▸ **TASK OBJECTIVE**
Your answer must be a word-for-word copy of the listing, with all pictures excluded.

□ □ □ □

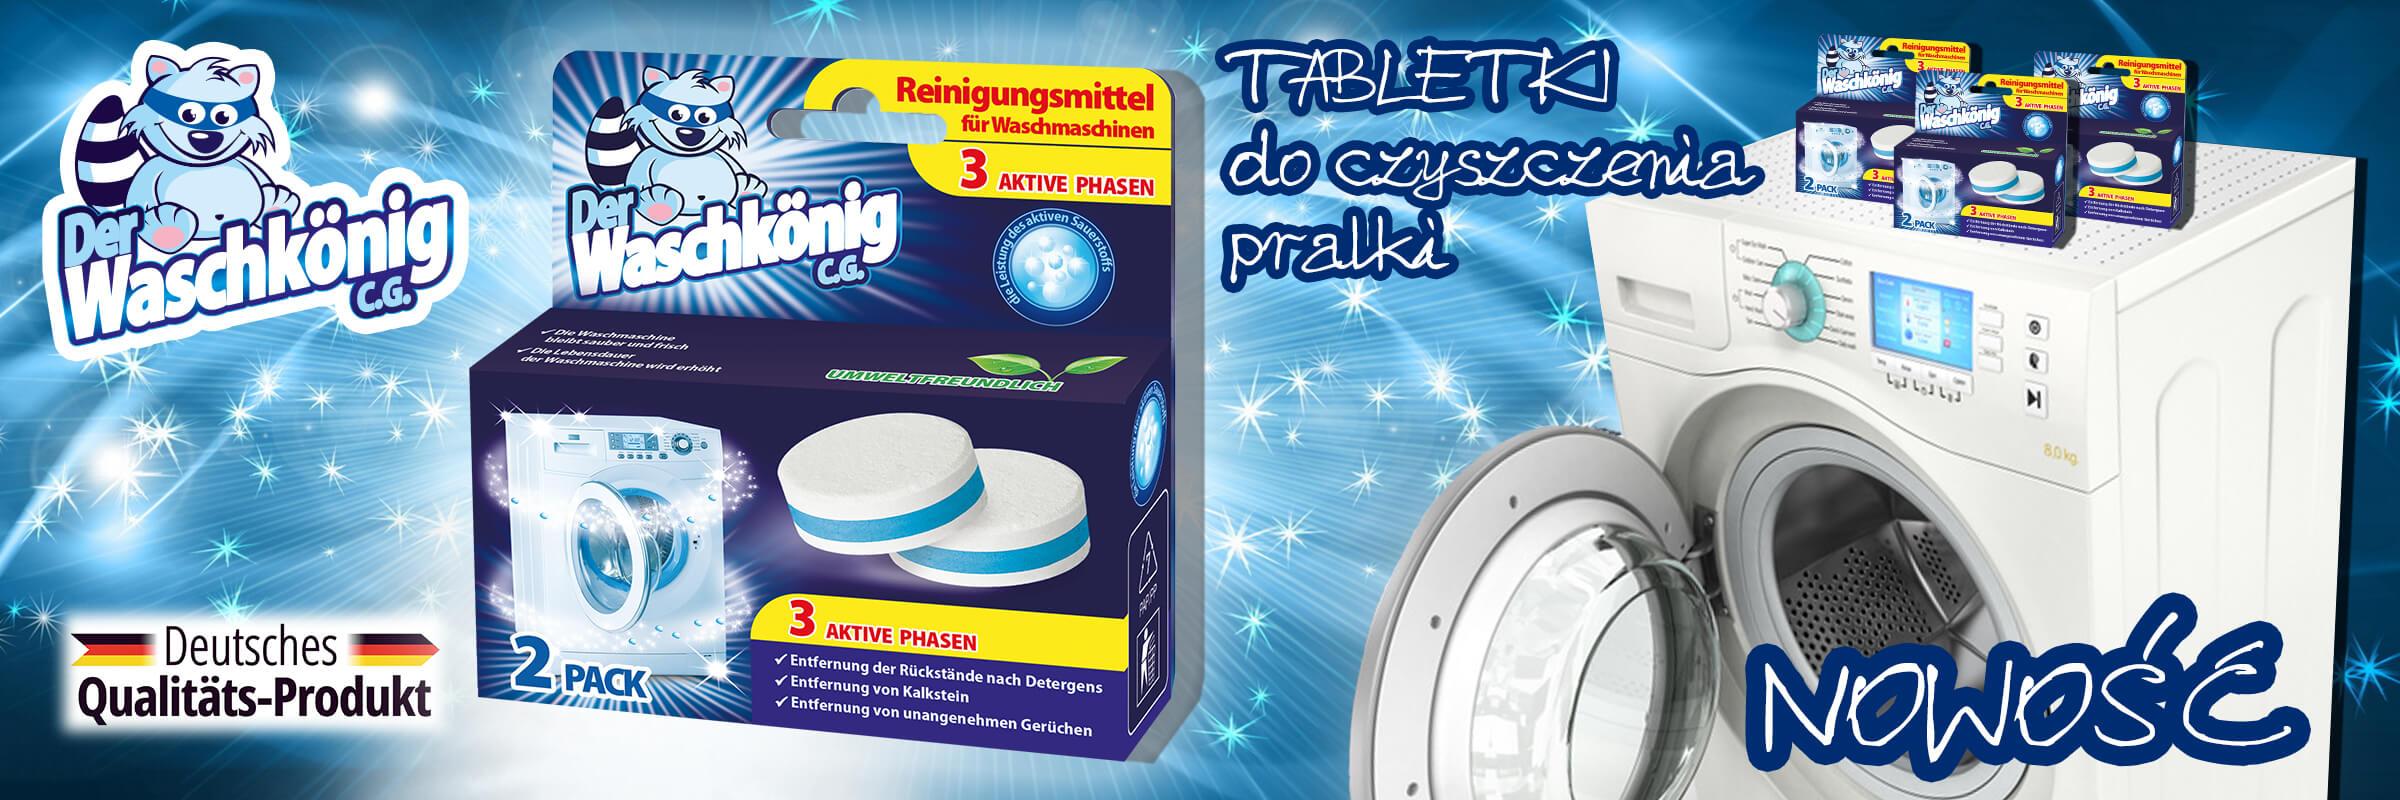 Nowość w ofercie - tabletki do czyszczenia pralki Der Waschkönig C.G.
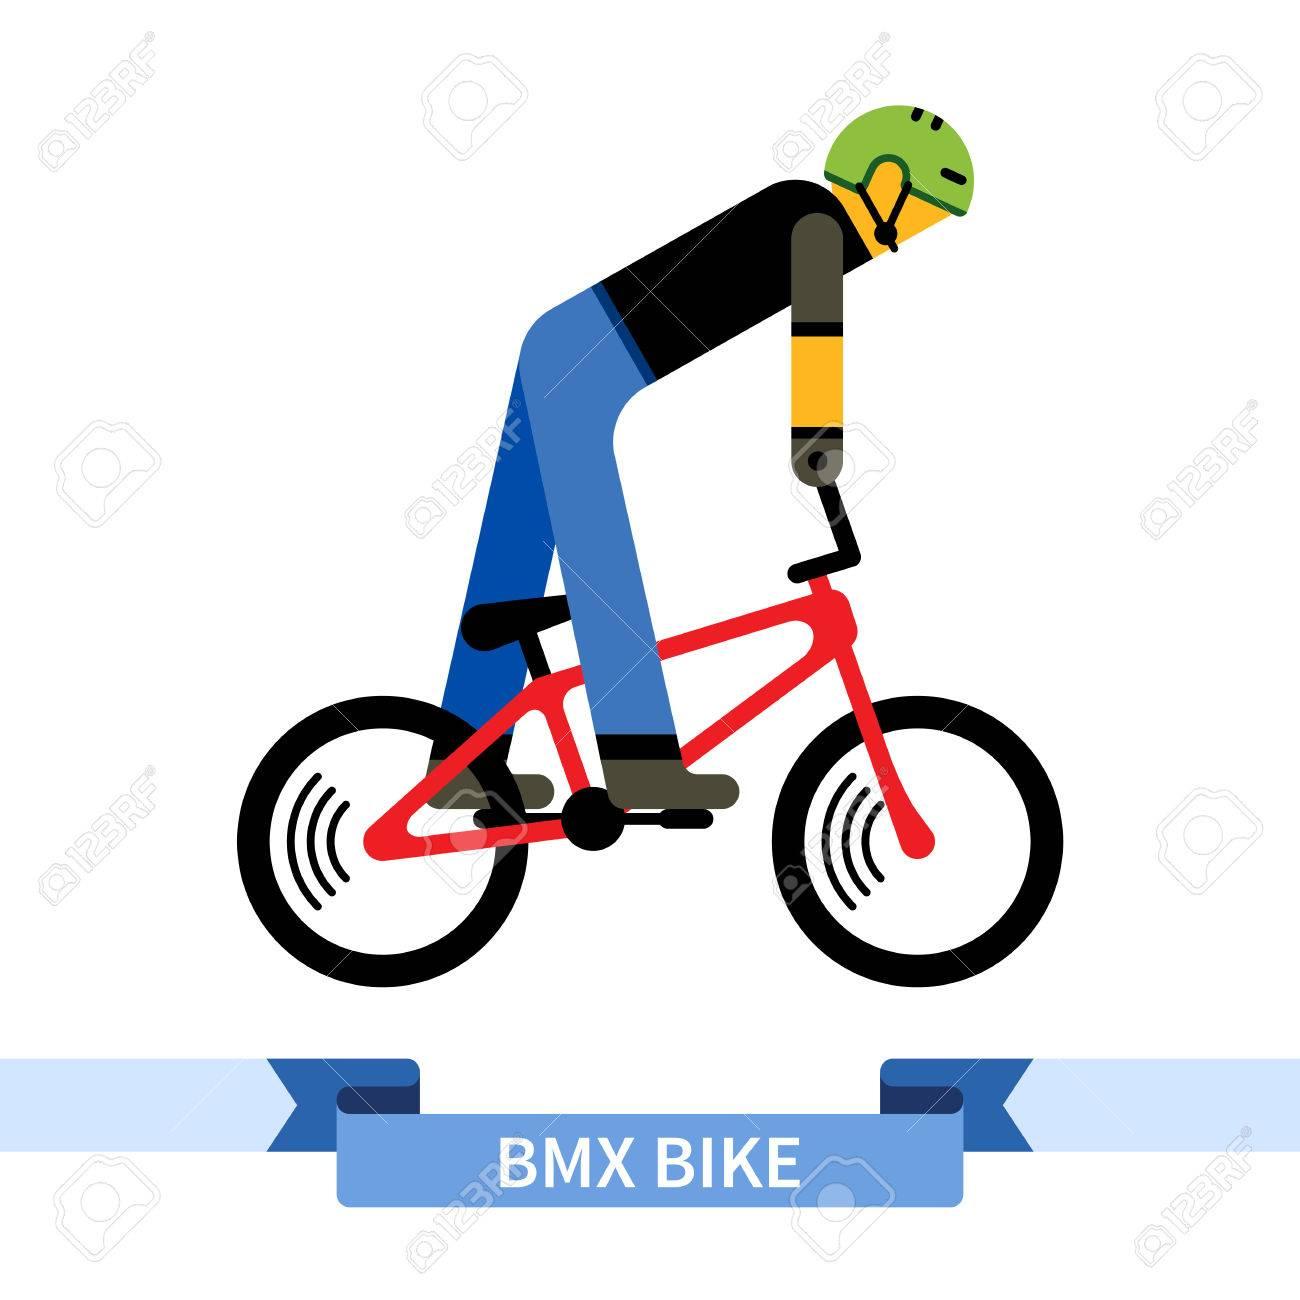 Cycliste Sur Bmx Velo Dessin De Clipart Simple Vue De Cote De
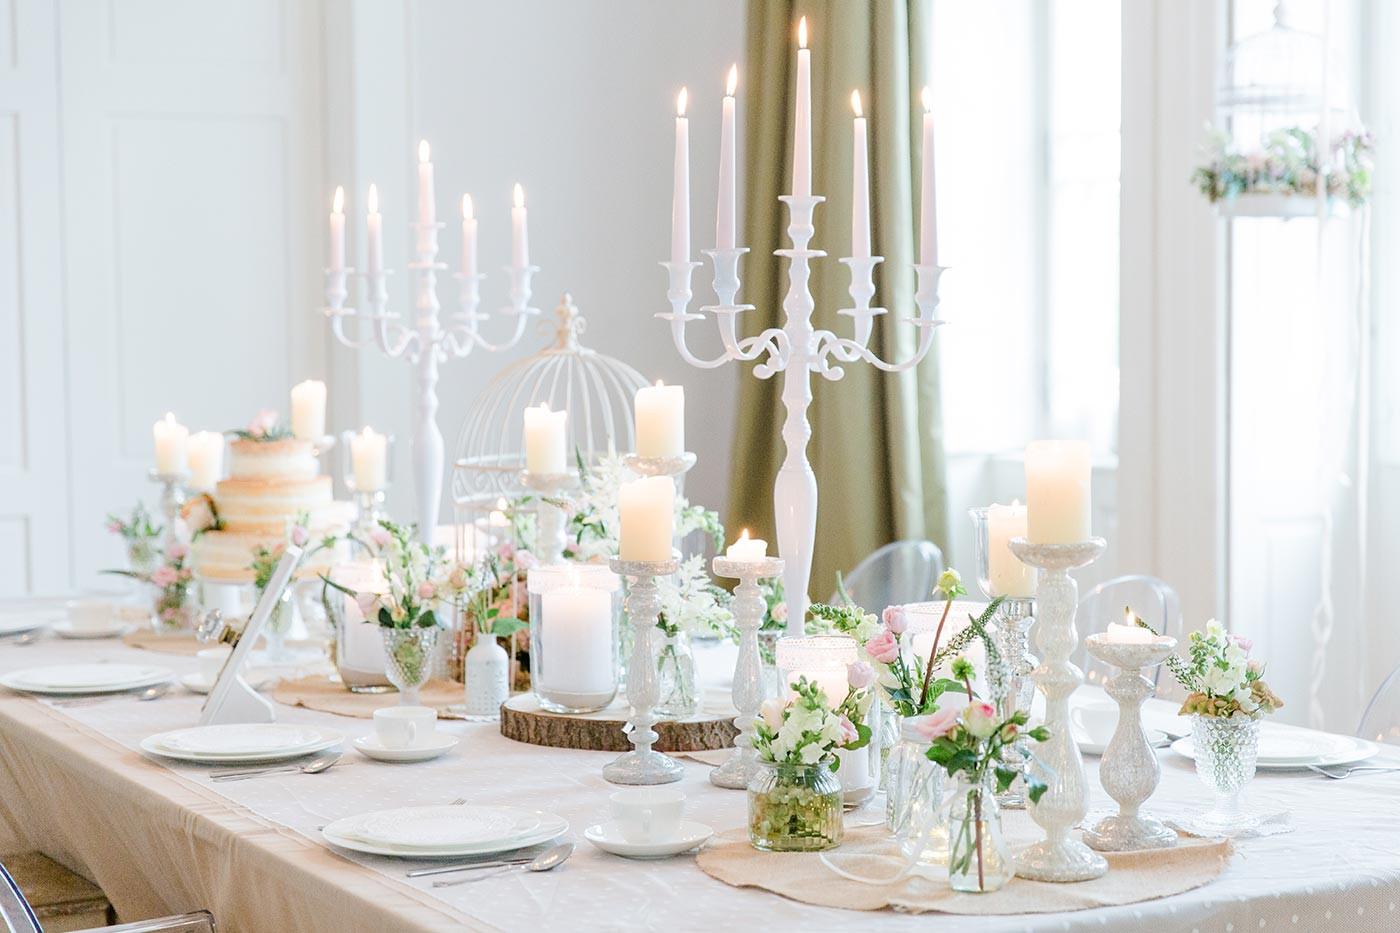 Hochzeit Tisch  Deko Tisch für Hochzeit I Ideen in der Bildergalerie
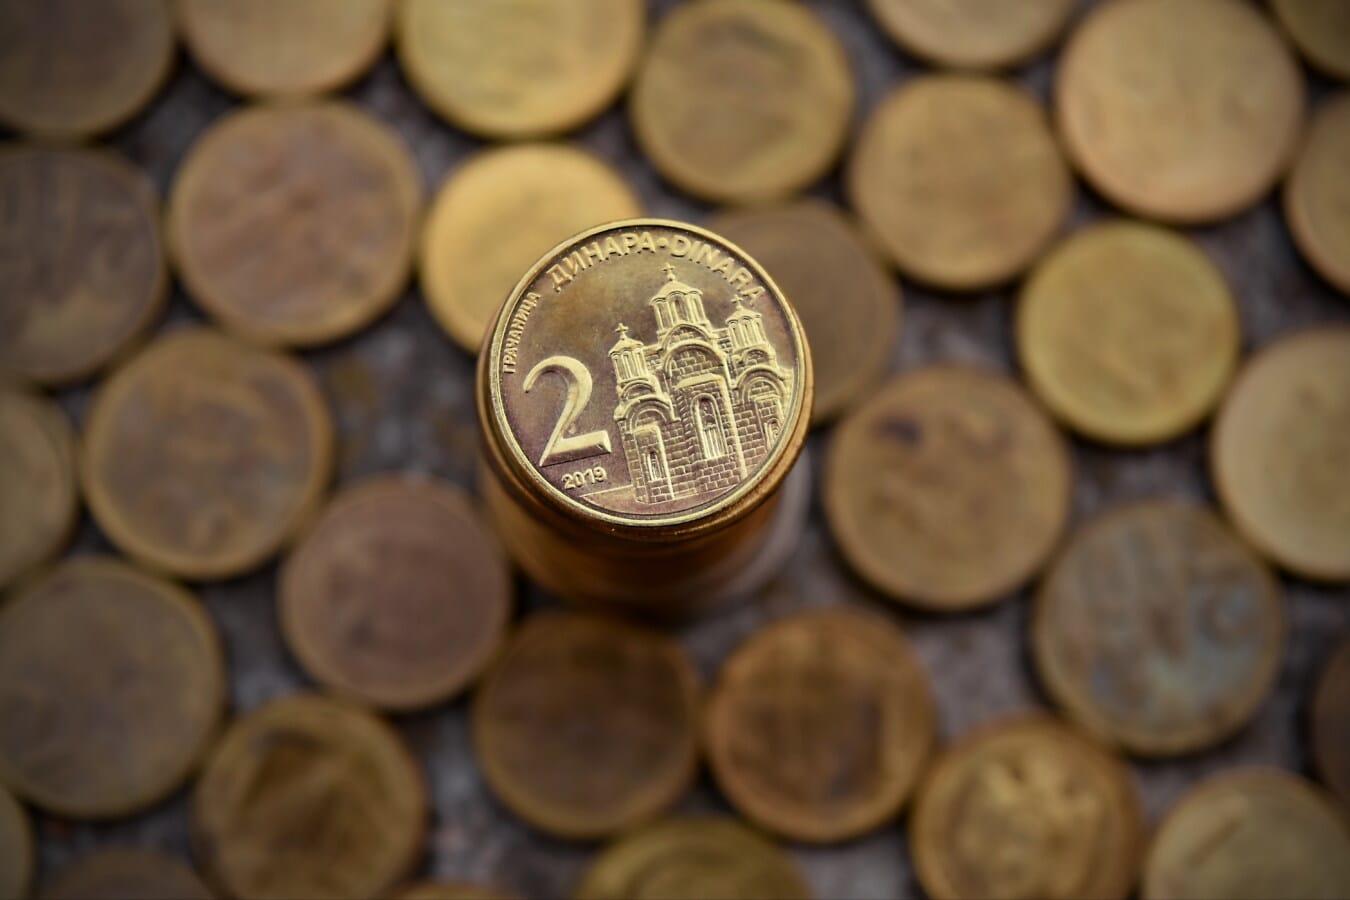 Währung, Metall, Serbien, Münzen, glänzend, Bargeld, Einsparungen, Textur, reiche, Fortune
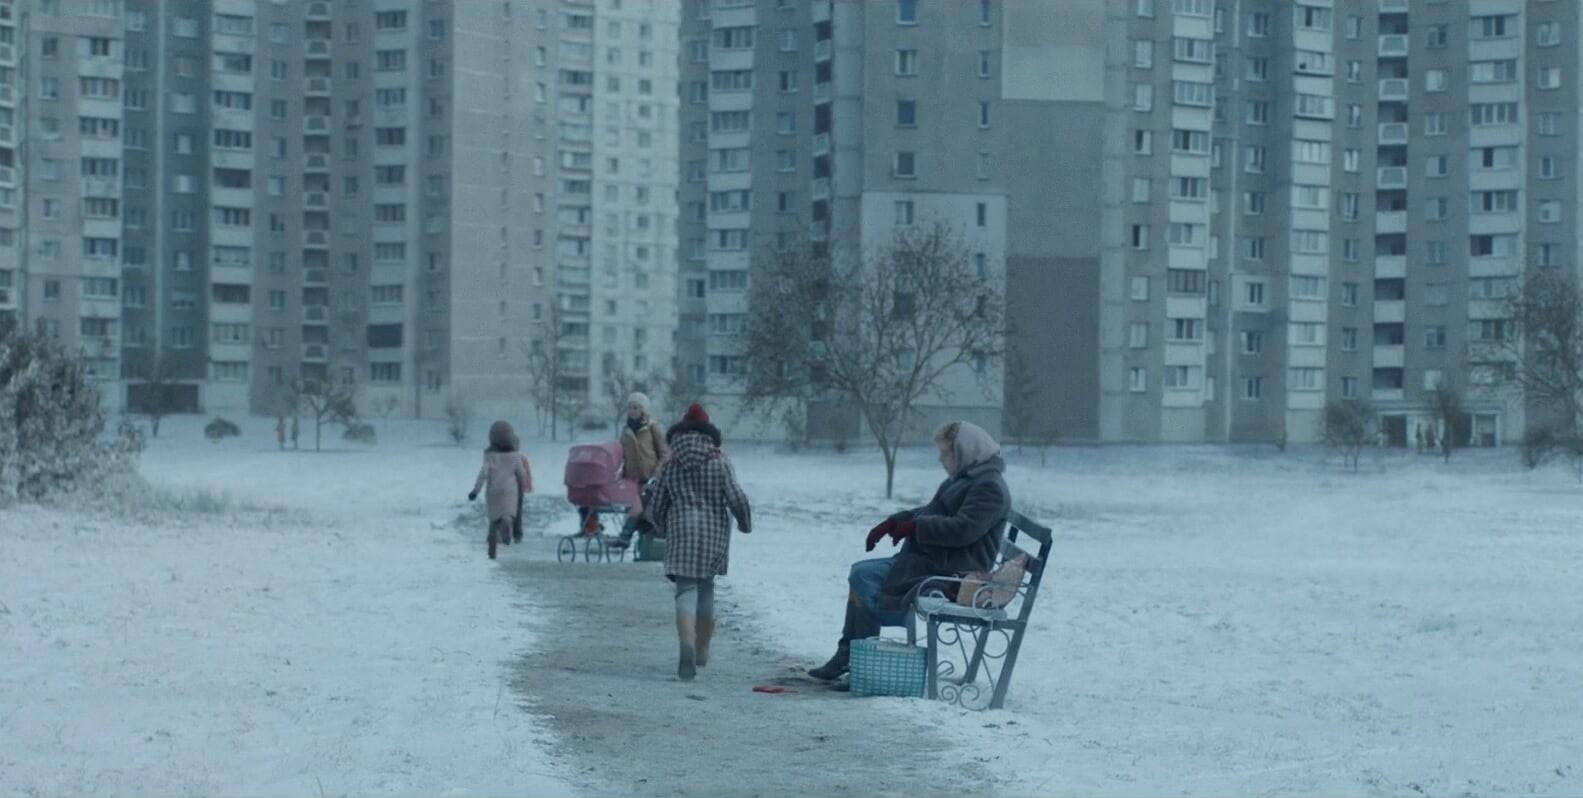 Несколько сцен Чернобыля сняли в Киеве

□ □ □ □

▸ **EXERCISE ANSWER**
 Nowość w ofercie - tabletki do czyszczenia pralki Der Waschkönig C.G.
 Cycliste Sur Bmx Velo Dessin De Clipart Simple Vue De Cote De
 Hochzeit Tisch  Deko Tisch für Hochzeit I Ideen in der Bildergalerie
 Währung, Metall, Serbien, Münzen, glänzend, Bargeld, Einsparungen, Textur, reiche, Fortune
 Несколько сцен Чернобыля сняли в Киеве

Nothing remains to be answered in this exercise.